The study was approved by ethics review boards in all participating sites and centrally by the Rutgers University Institutional Review Board (Human Research Protection Program Institutional Review Board, FWA00003913).

RESULTS

Overall, 240 participants were included across the four sites (60 MRS-positive and 180 MRS-negative) (Figure 1; Table 1). These participants were recruited between 2 March 2023 and 27 October 2023, inclusive. The median age was 38 years, and 135 (56%) were female. Overall, 62 (26%) were living with HIV, with the majority of these participants from South Africa. Current daily smoking was reported by 35 (15%) participants, and 31 (13%) reported previous episodes of TB treatment. Among the 60 MRS-positive participants, 30 (50%) were sputum smear–positive. All 240 participants were classified as having determinate sound recordings. Sound artefacts were identified among 30 (13%) participants (12% and 13% MRS-positive and MRS-negative, respectively), and these included: excessive background noise, participant coughing during recording, stethoscope movement, or recorded speech during recording. Recordings took a median of 5 min (interquartile range 4–6). No adverse events were reported while performing the digital stethoscope procedure. Predictive score distributions of both MRS-positive and MRS-negative participants spanned the entire range of scores (Supplementary Data Figure S2). Above 0.608, digital stethoscope auscultation results were considered test positive.

Figure 1.

Figure 1.

Flow diagram of participant inclusion.

Table 1.

Participant characteristics at enrolment and MRS classifications based on sputum sampling performed at enrolment.
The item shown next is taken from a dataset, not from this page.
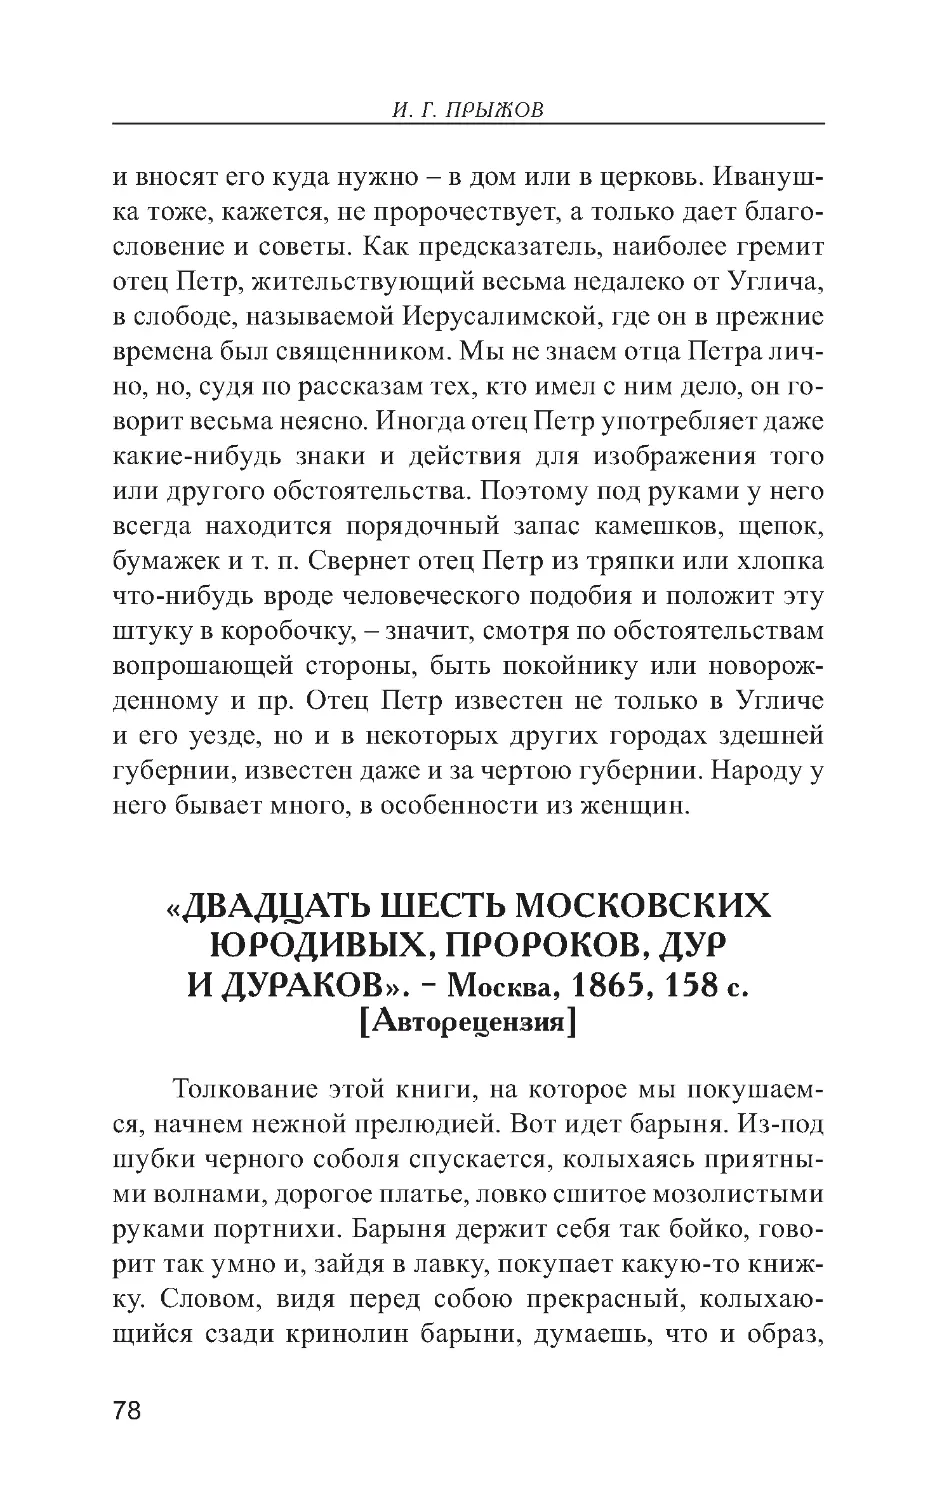 «Двадцать шесть московских юродивых, пророков, дур и дураков». – Москва, 1865, 158 с. [Авторецензия]
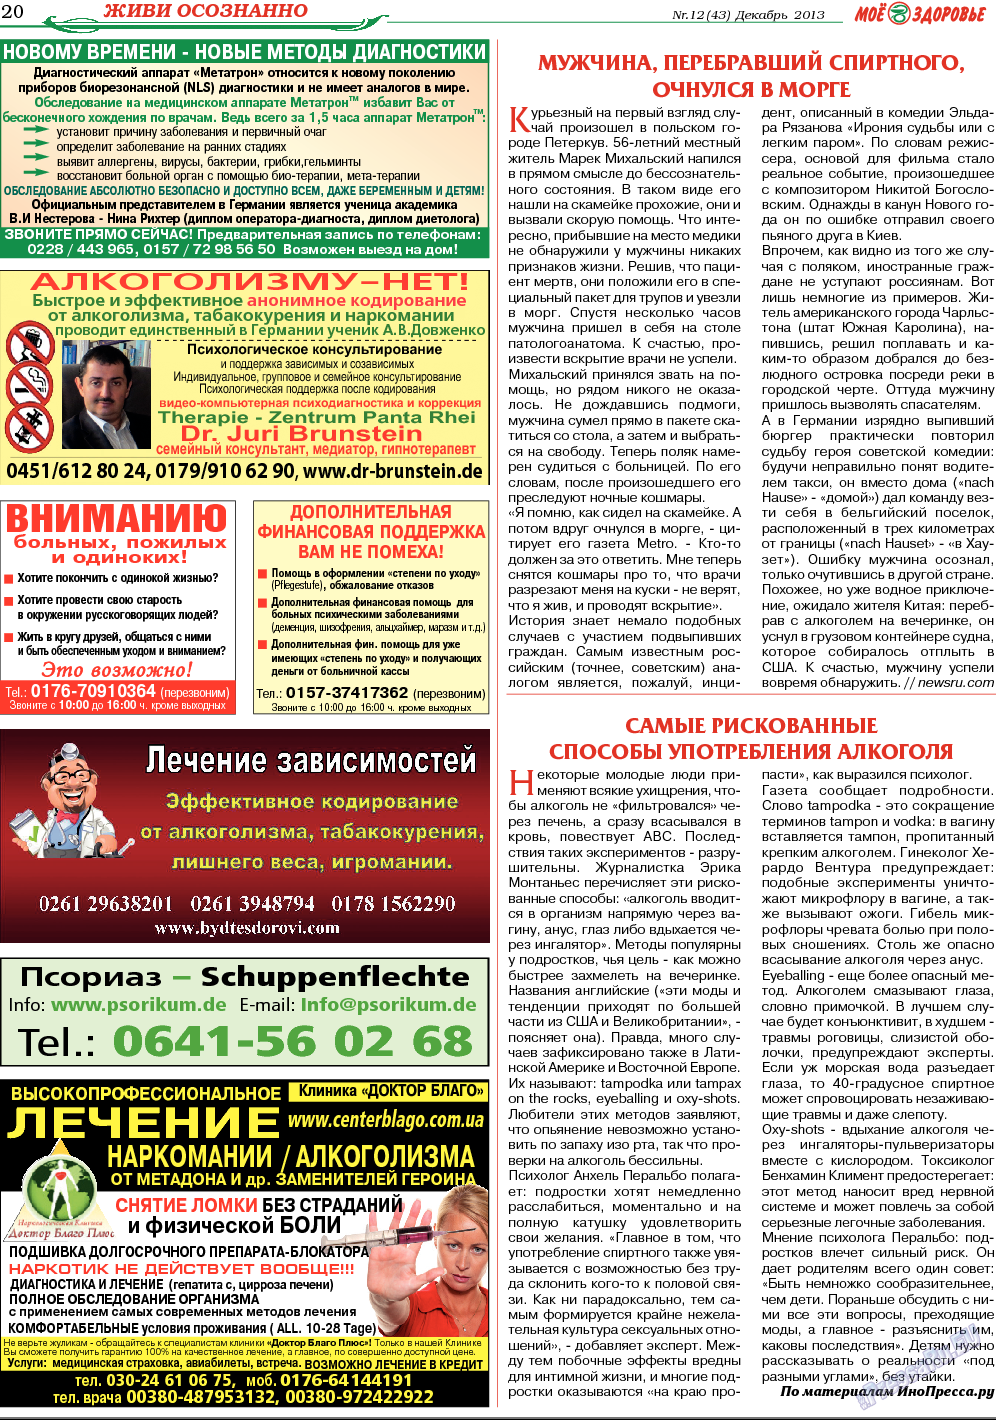 Кругозор, газета. 2013 №12 стр.20

Characteristic MRS-positive (N = 60) MRS-negative (N = 180) Total (N = 240)
Country, n (%)
 Peru 8 (13%) 22 (12%) 30 (13%)
 South Africa 26 (43%) 90 (50%) 116 (48%)
 Uganda 18 (30%) 47 (26%) 65 (27%)
 Vietnam 8 (13%) 21 (12%) 29 (12%)
Age (years), median (IQR) 37 (25–45) 38 (27–50) 38 (27–47)
Female, n (%) 22 (37%) 113 (63%) 135 (56%)
Living with HIV, n/N (%) 17/60 (28%)A 45/179 (25%) 62/239 (26%)
Previous TB treatment, n (%) 8 (13%) 23 (13%) 31 (13%)
Smoking, n (%)
 Current daily 10 (17%) 25 (14%) 35 (15%)
 Current, occasional 1 (2%) 1 (<1%) 2 (<1%)
 Previous 5 (8%) 3 (2%) 8 (3%)
 Never 44 (73%) 151 (84%) 195 (81%)
TB symptoms, n (%)
 Cough 60 (100%) 178 (99%) 238 (99%)
 Fever 32 (53%) 95 (53%) 127 (53%)
 Night sweats 34 (57%) 111 (62%) 145 (60%)
 Weight loss 33 (55%) 77 (43%) 110 (46%)
 Haemoptysis 8 (13%) 13 (7%) 21 (9%)
Other chronic lung conditions, n (%) 1 (2%) 9 (5%) 10 (4%)
Diabetes mellitus,B n/N (%) 1/59 (2%) 9/180 (5%) 10/239 (4%)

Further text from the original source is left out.